Во время некоторых наших бесед — всего их было четырнадцать — включался магнитофон. Эйслер регулярно прослушивал записанное на пленку. При этом он многое дополнительно комментировал, сожалея о том, что разъяснения эти не попадают на магнитофонную ленту...

Розмари Эггерт и Эрика Мюллер перевели беседы на бумагу, что было отнюдь не легко хотя бы из-за быстрой, обрывистой и не совсем четкой речи Эйслера...

После его смерти приходится публиковать беседы в том виде, в каком они сохранились. Их уже нельзя «улучшить»...

Для пробы я предлагаю пятую беседу. Там, где пояснения казались необходимыми, я даю их в виде примечаний.

13 июля 1961 года

Бунге. Помните ли Вы, как в 1945 году в Америке Брехт перекладывал на стихи «Коммунистический манифест»?

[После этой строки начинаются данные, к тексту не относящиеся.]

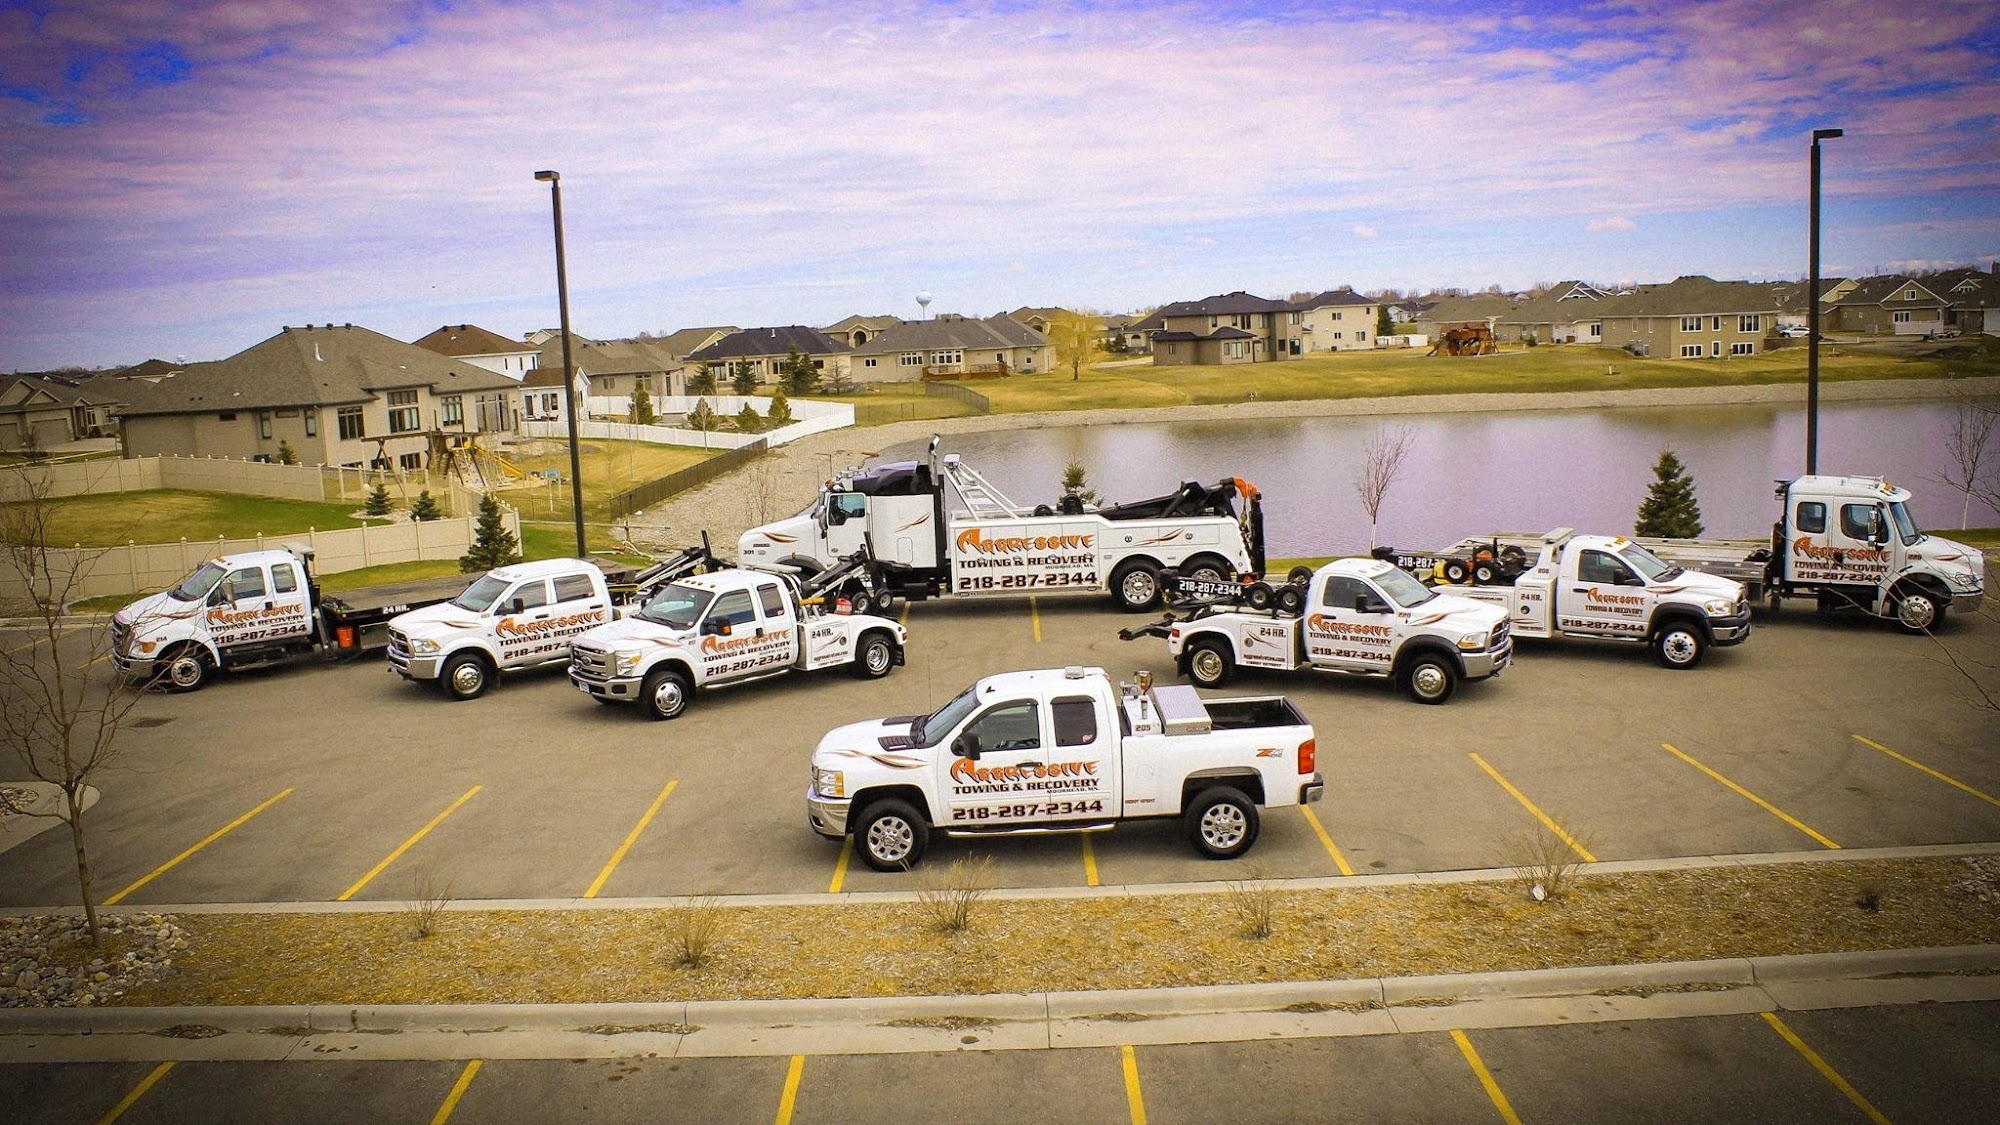 Aggressive Towing & Recovery
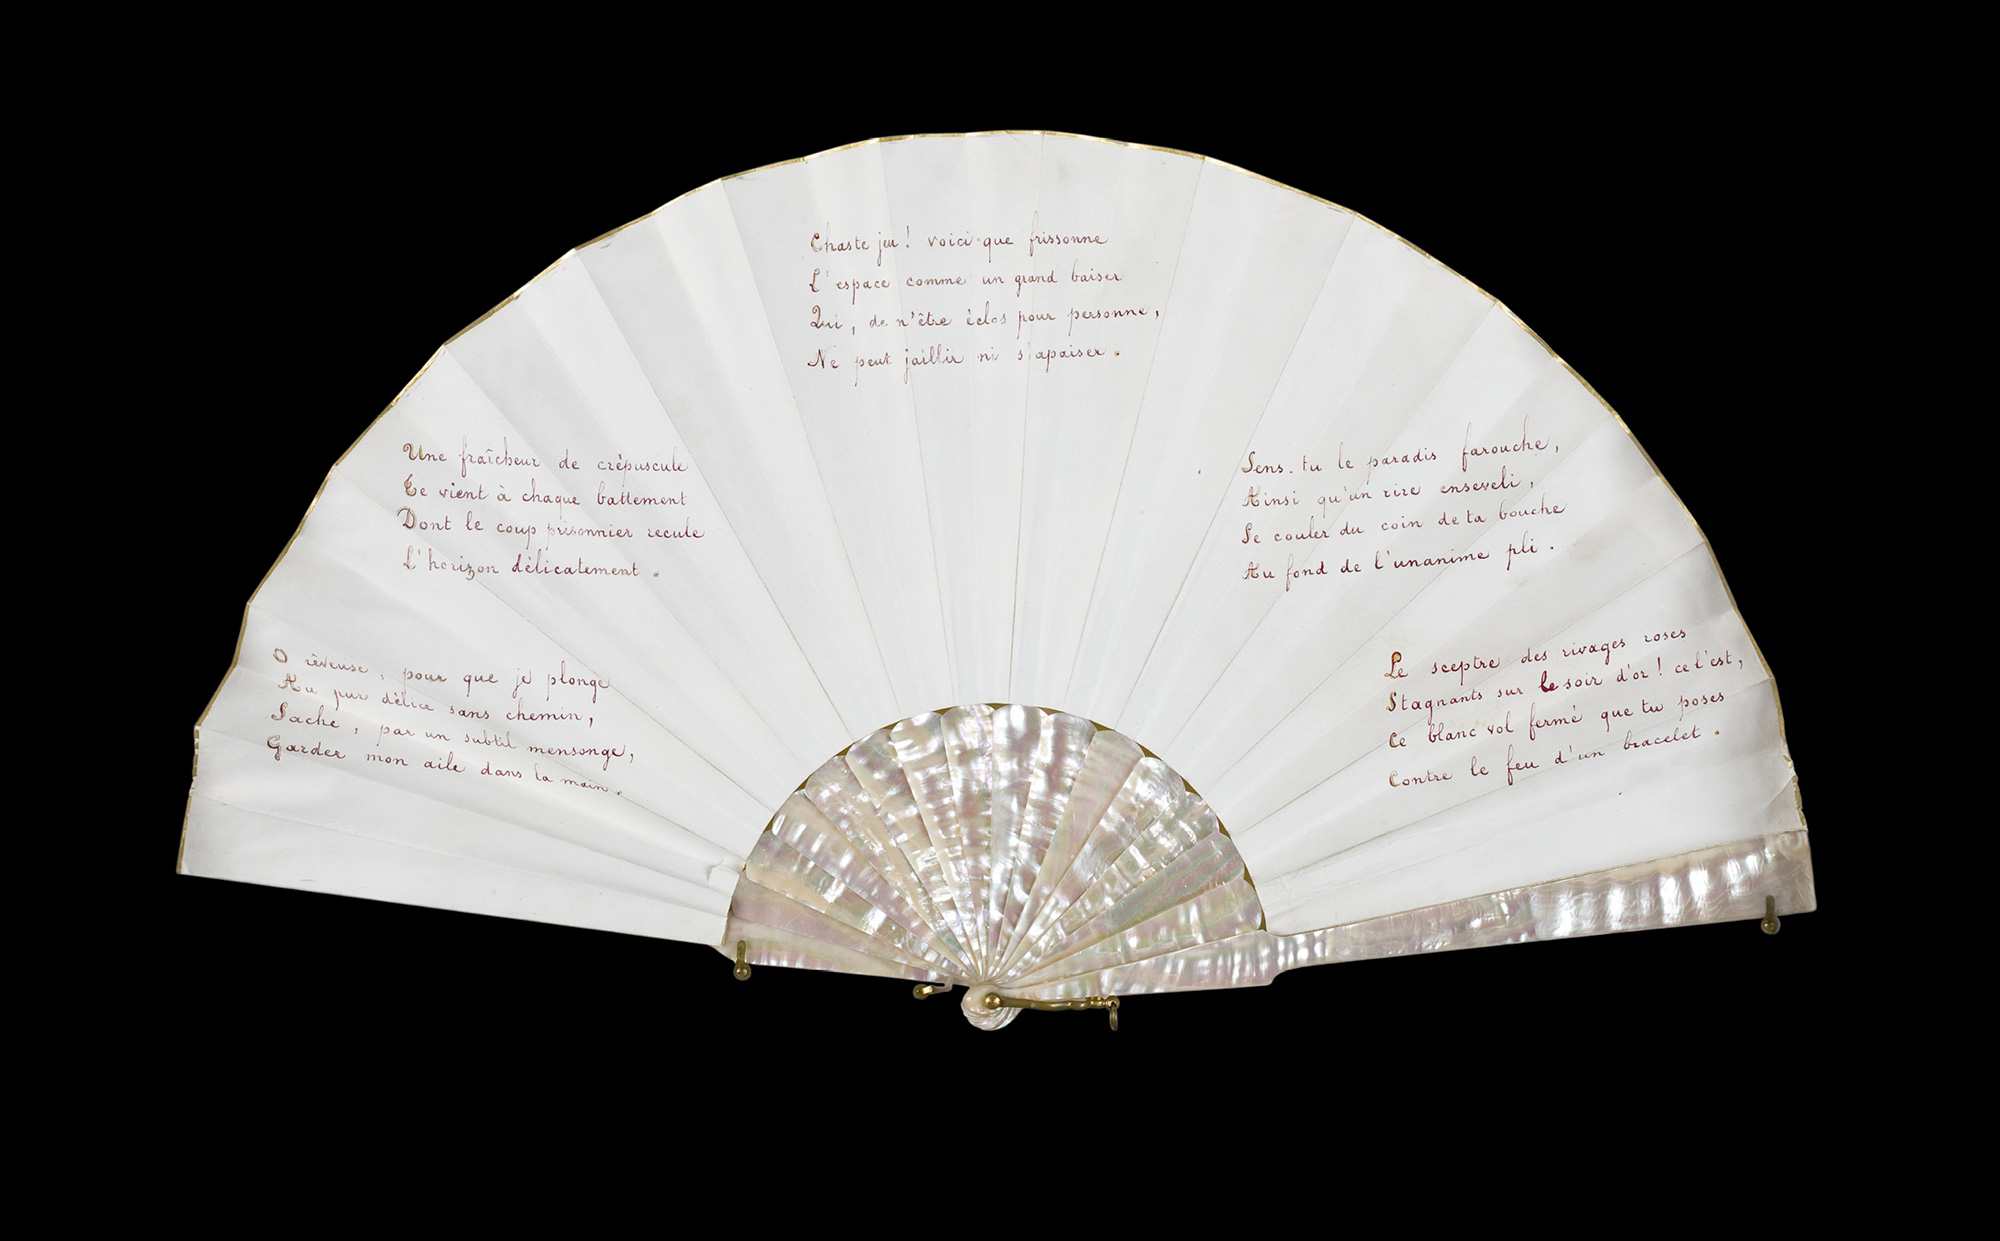 A photograph of “Miss Mallarmé’s other fan,” a poem written by Stéphane Mallarmé for his daughter Geneviève on a fan.

Эйслер. Я помню, что был немного изумлен — притом изумлен неприятно, — когда Брехт вдруг занялся переложением на стихи «Коммунистического манифеста». Ведь время было таким, что даже говорившие по-немецки рабочие не знали этого грандиозного документа. Я говорил себе: когда мы вернемся, будет чрезвычайно трудно заново разъяснять «Манифест». Как Вам известно, «Коммунистический манифест» — хотя он и написан захватывающим языком — не слишком понятен, если не быть некоторым образом подготовленным. Минимальной предпосылкой для его понимания является практическая классовая борьба. В гитлеровской Германии ее не было, если не считать подпольного движения. Поэтому меня несколько озадачило то, что Брехт принялся усложнять «Коммунистический манифест», перекладывая его в стихотворную форму эпического гекзаметра, не имевшего особого успеха в немецкой поэзии. Учтите, что я испытывал некоторое недоверие к этой форме (то есть к эпосу, написанному гекзаметром), вспоминая о грустной судьбе одного из гениальнейших творений Гёте — «Германа и Доротеи»...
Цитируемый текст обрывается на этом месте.